The first sample used in our analysis lists all of the blazars appearing in the Multiwavelength Blazar Catalog6 (ROMA-BZCAT; Massaro et al. 2009) that have been associated as counterparts of Fermi sources in the 2FGL (Nolan et al. 2012) with a WISE counterpart detected at least in the first three filters, regardless of the fact that they are detected at 22 μm. The association radius between the ROMA-BZCAT catalog and the WISE all-sky survey adopted here was fixed to 3farcs3 (see D'Abrusco et al. 2013, for more details). This sample, named training blazar (TB) sample, comprises a total of 737 blazars, excluding those classified as blazars of uncertain type (BZUs; see also Massaro et al. 2010, 2011a). The TB sample is used to build the isodensity contours for the KDE technique (see the following sections) and to test whether IR sources with radio counterparts have WISE colors consistent with the γ-ray blazar population.

Then, the UGSs sample considered is the one constituted by all the Fermi sources listed in the 2FGL with no assigned counterpart at low energies and without any γ-ray analysis flag listing 299 sources (Nolan et al. 2012). We further divided this sample in two subsamples: the northern UGS (NU) sample comprising only sources with declination above than −40° and the southern UGS (SU) sample comprising sources with declination below −30°. This subdivision has been chosen on the basis of the footprints of the radio surveys used for our analysis, since the NU sample is mainly covered by the NVSS survey (Condon et al. 1998), while the SU one by the SUMSS catalog (Mauch et al. 2003). The former sample lists 209 UGSs, while 115 sources belong to the latter one.

Last, we also considered the list of all the radio sources recently found by Petrov et al. (2013) using deep ATCA observations for the UGSs in the southern hemisphere. This sample is labeled as southern deep ATCA (SDA) sample.
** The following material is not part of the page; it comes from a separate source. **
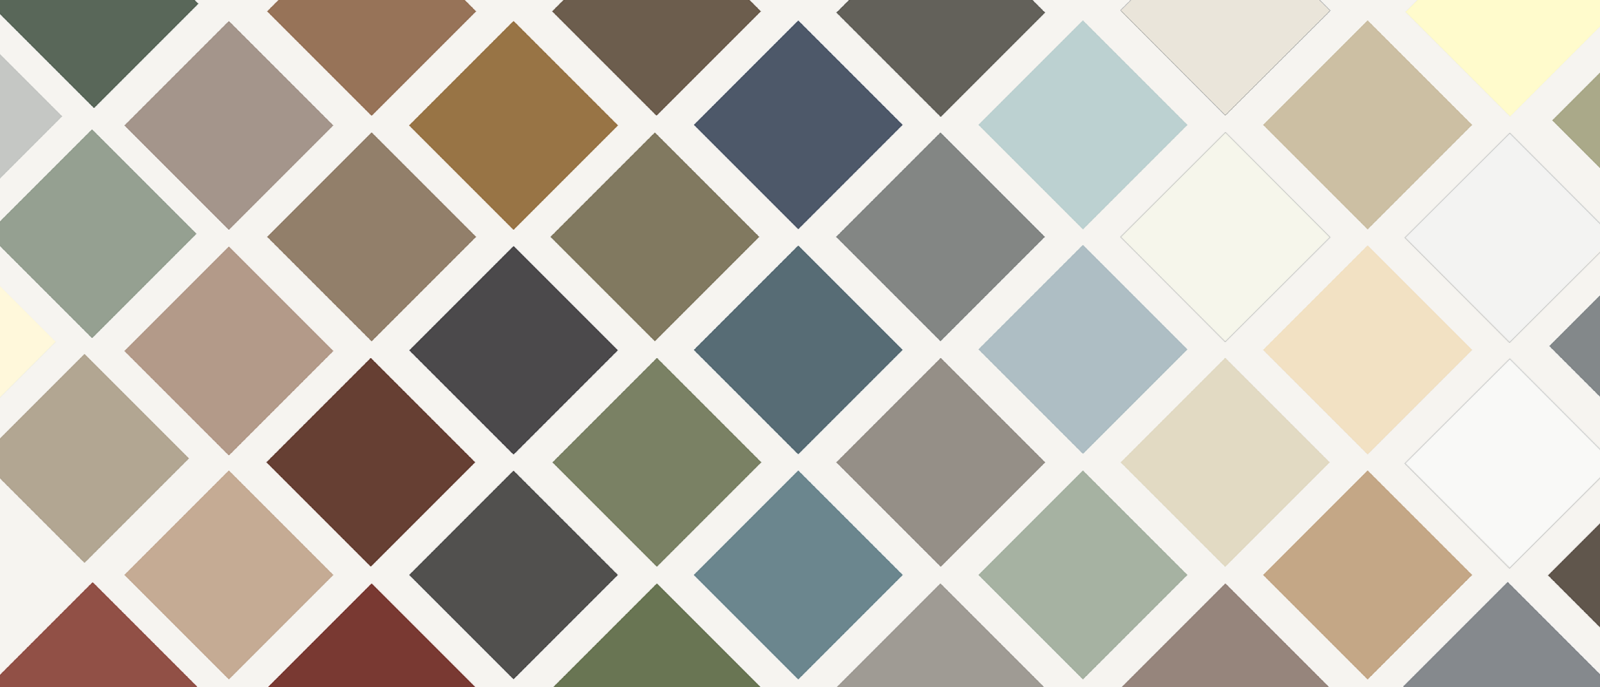 Siding color swatch collage

3. KERNEL DENSITY ESTIMATION

The KDE technique is a non-parametric procedure to estimate the probability density function of a multivariate distribution without requiring any assumption about the shape of the parent distribution. The KDE technique also permits to reconstruct the density distribution of a population of points in a general N-dimensional space on the basis of a finite sample. This analysis depends on only one parameter—the bandwidth of the kernel of the density estimator (analogous to the window size for one-dimensional running average) that can be estimated locally (see, e.g., Richards et al. 2004; D'Abrusco et al. 2009; Laurino & D'Abrusco 2011, and reference therein).

We already applied the KDE technique in several cases to compare the IR colors of blazar candidates selected with different procedures with those of the known population of γ-ray blazars (see Massaro et al. 2011b, 2012a; Paggi et al. 2013, for more details). Thus, in the present analysis, we use the KDE method to compare the IR colors of the radio-selected counterparts with those of the γ-ray blazar population represented by the TB sample in the two-dimensional [3.4] − [4.6] − [12] μm color–color plot. As already described in Massaro et al. (2012a), we provide an associated confidence πkde drawn from the KDE density probabilities that a selected radio source as IR colors consistent with the blazars in the TB sample.

In Figure 1, we show the density profiles constructed for the whole blazar population (left panel) and used to estimate πkde and those of the two subsamples of BL Lac objects (BZBs) and BZQs (right panel) belonging to the TB sample in order to highlight the dichotomy between the two subclasses.

Figure 1.

Figure 1. Left: the isodensity contours generated by the KDE technique in the [3.4] − [4.6] − [12] μm color–color diagram for the whole γ-ray blazar population represented by the sources in the TB sample. Right: the KDE isodensity contours built separately for the BZB (blue) and the BZQ (red) classes in the TB sample. The numbers appearing close to each contour corresponds to the values of πkde in both panels.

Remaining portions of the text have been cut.